The dynamic tapestry of contemporary India comes alive in the pages of Tantric Picnic: Tales of India by Dutch writer Hans Plomp. With humour and warmth the author chronicles this country of paradox, where the ancient and modern, the splendid and the sordid, endlessly collide. Carving a route well off the beaten path, Plomp probes the heart of India — the holy fools, village life, legends and myths, ruins and bazaars, the sway of tradition and the tug of modernity. With the steady, compassionate gaze of a pilgrim he notes the ironies and also the miracles of India today, in memorable tales certain to delight both the experienced and armchair traveler.
About the authors
Hans Plomp was born in Amsterdam in 1944. After his studies he became a teacher, but he gave up regular jobs for good when his first novel De Ondertrouw (The Banns Are Up) was successful. He took an active part in the playful Dutch Provo Revolution of the Sixties, which made Amsterdam one of the hippest places on the planet. Hans Plomp has traveled extensively, especially in India, where he spent some five years. In 1982 he toured the U.S. with a group of Dutch poets, performing with Anne Waldman, Diana di Prima, Allen Ginsberg, Gregory Corso, Amiri Baraka, Ira Cohen and many other kindred artists. He has published novels, short stories, poetry and essays. Some of his English poems were published in City Lights Pocket Poets Series #42: Nine Dutch Poets.

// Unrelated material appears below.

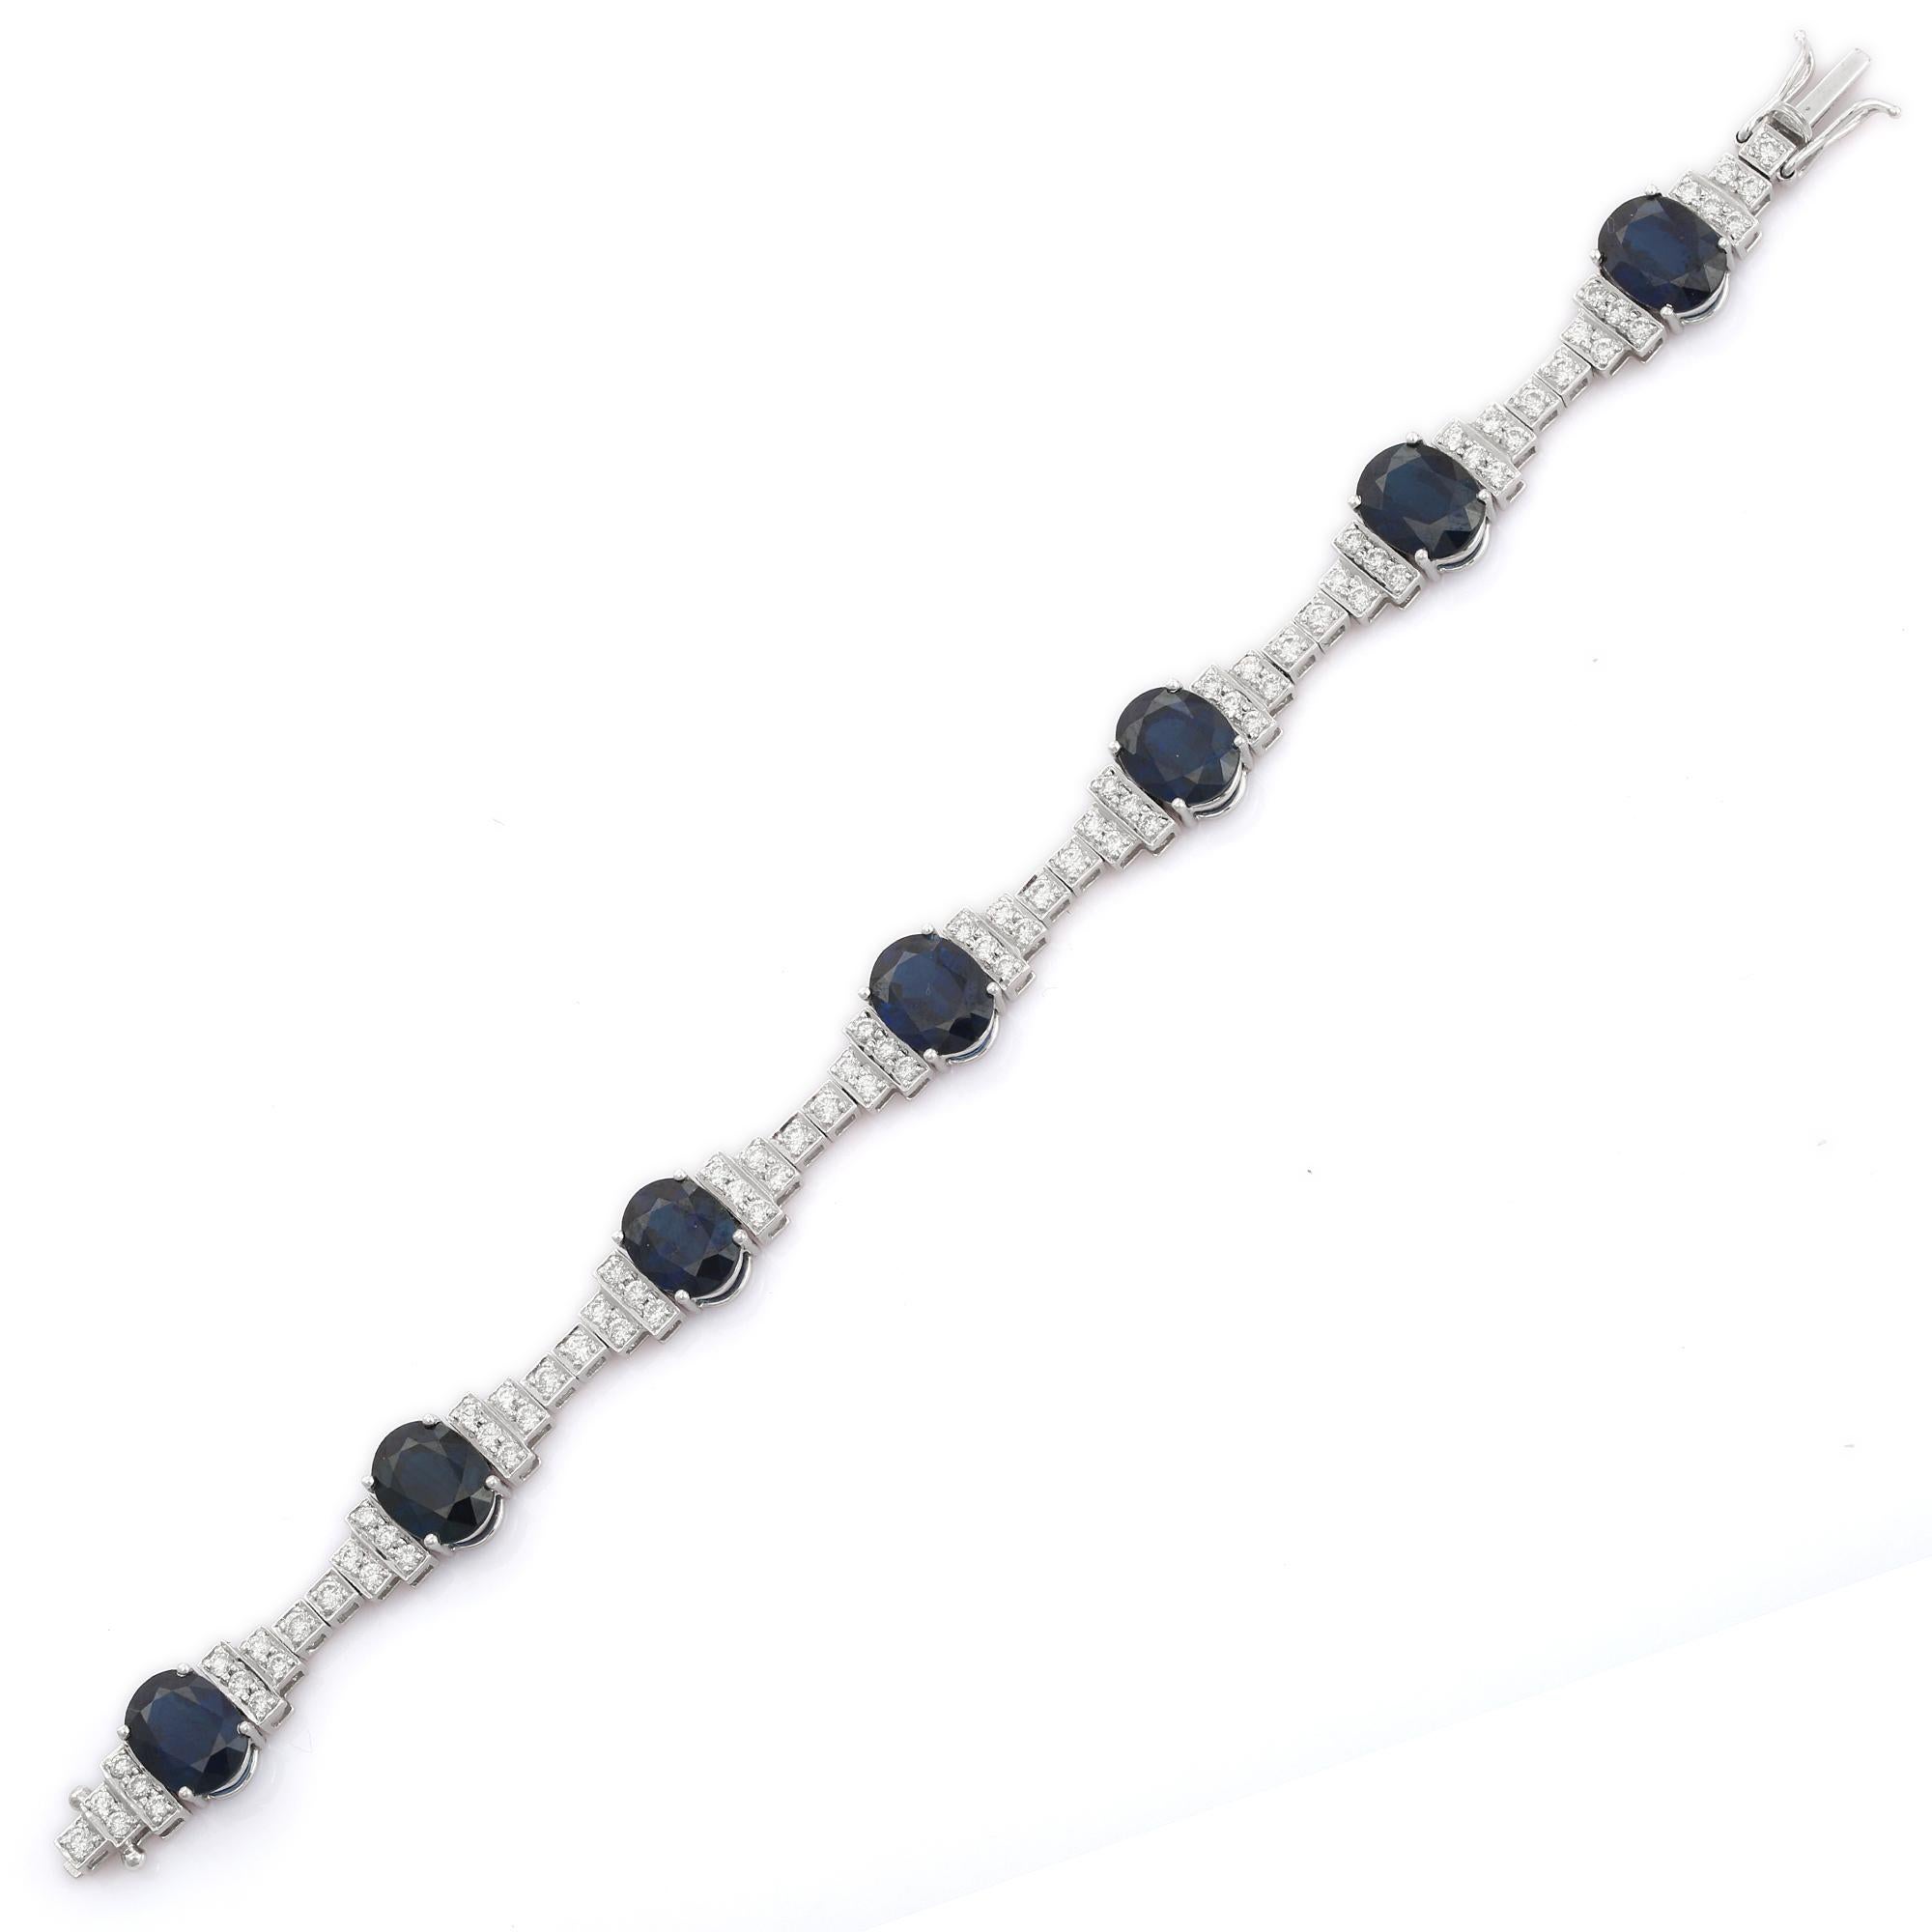 Oval Cut 24 Carat Blue Sapphire Wedding Tennis Bracelet in 18K White Gold with Diamonds For Sale

Jordan Zinovich was born and raised in the Rocky Mountains of British Columbia. He left Canada in 1974, and since then has lived in Crete, England, France, Guinea Conakry, Holland, India, Spain, and New York City, where he now resides. He has published six books: Two historical biographies about personalities involved in the opening of the western Canadian north — The Prospector: North of Sixty and Battling the Bay; the critical anthology Semiotext(e) CANADAs (of which he was Project General Editor); the novel Gabriel Dumont in Paris; Cobweb Walking, a collection of poetry; and the poetic radio play John Chapman’s Harvest. His work has been translated into French and Dutch, with radio performances in New York and Amsterdam. At present he is a senior editor with the Autonomedia Collective, one of North America’s most notable underground publishing houses.